Meet Leon Luke Mendonca, the bespectacled smiling assassin of the 64 squares who plays violin

In just 14 moves, Ian Nepomniachtchi was reduced to frowning at his pieces like they were refusing to obey his commands. Things had curdled pretty fast for the Russian on the board in round 3 of the Grenke Freestyle Chess Open 2025. A few moves later, Nepo was pushed past the point of no return. On move 36, he resigned. Against a player who had over 100 rating points less than him. In the next round, it was Hungarian grandmaster Richard Rapport’s turn to endure punishment, and then heartbreak in the form of defeat. The player who had made two of the world’s top chess players roll over in back-to-back games was a 19-year-old grandmaster from India. Not one of the usual suspects of Gukesh, Praggnanandhaa and Arjun Erigaisi. The boy making heads turn at the Grenke Freestyle event over nine rounds was Leon Luke Mendonca, who is contemporary of the Gukesh-Praggnanandhaa-Arjun Erigaisi vintage, and was playing in his first event in freestyle chess — a variant of the sport that has been called many practitioners as a completely different sport than plan ol’ regular chess.

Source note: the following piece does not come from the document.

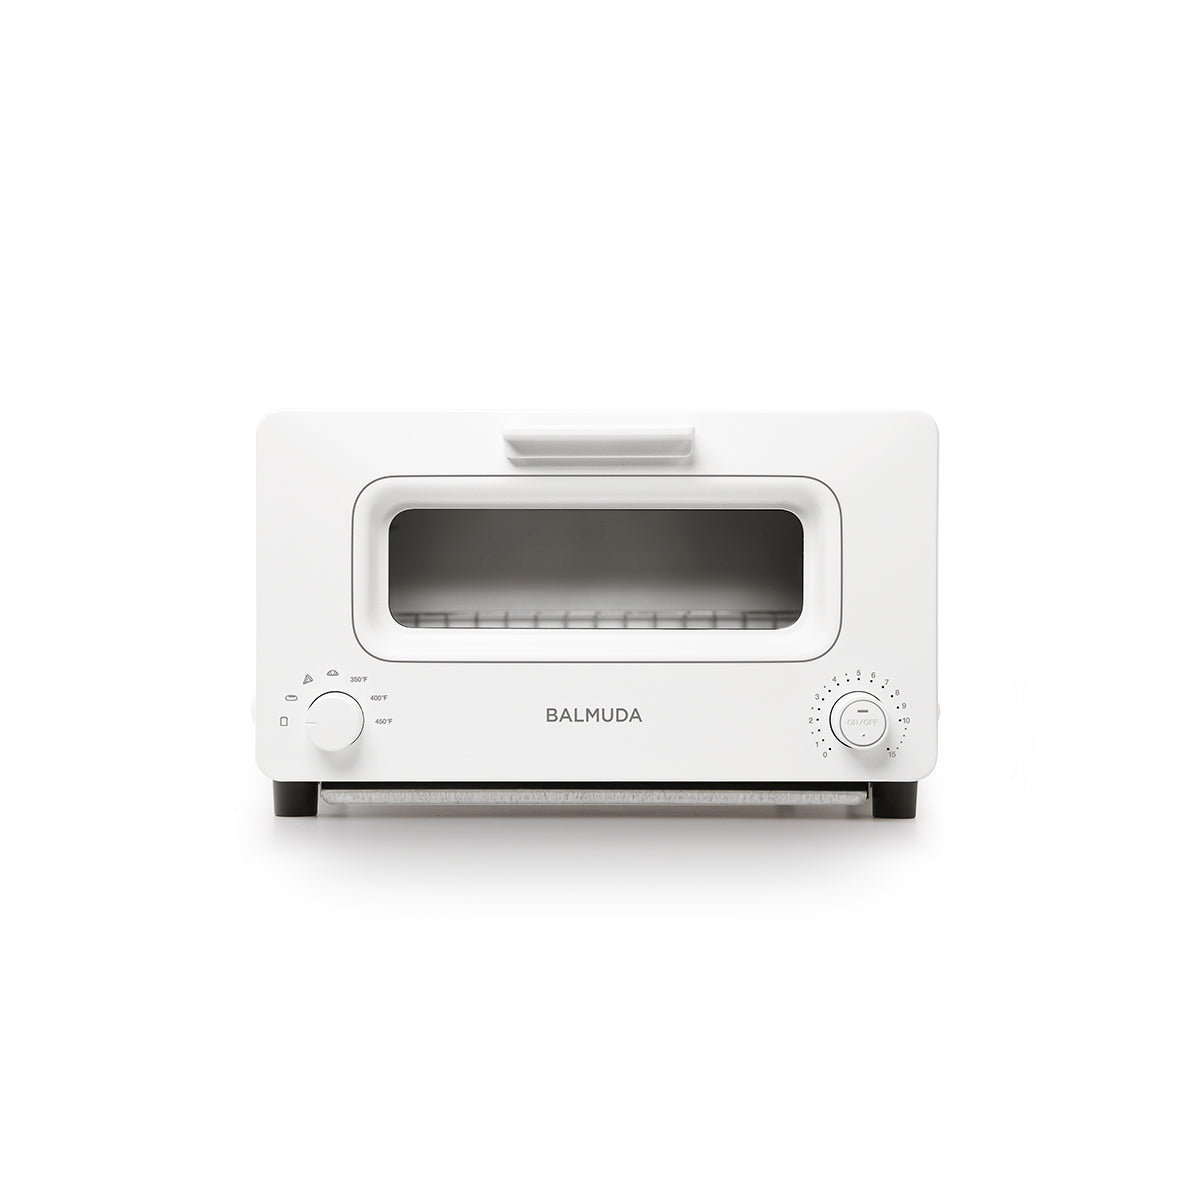 BALMUDA The Toaster - White - – santoku nyc

With Leon’s rating at 2643, six of the nine players he faced in Karlsruhe were rated higher than him. Despite that, in those six games against higher-rated rivals, Leon had two wins over Nepo and Rapport besides three draws against elite grandmasters like Alexey Sarana, Wesley So and Maxime Vachier-Lagrave. At an event where he was 32nd in terms of ratings, he ended 10th in the final standings.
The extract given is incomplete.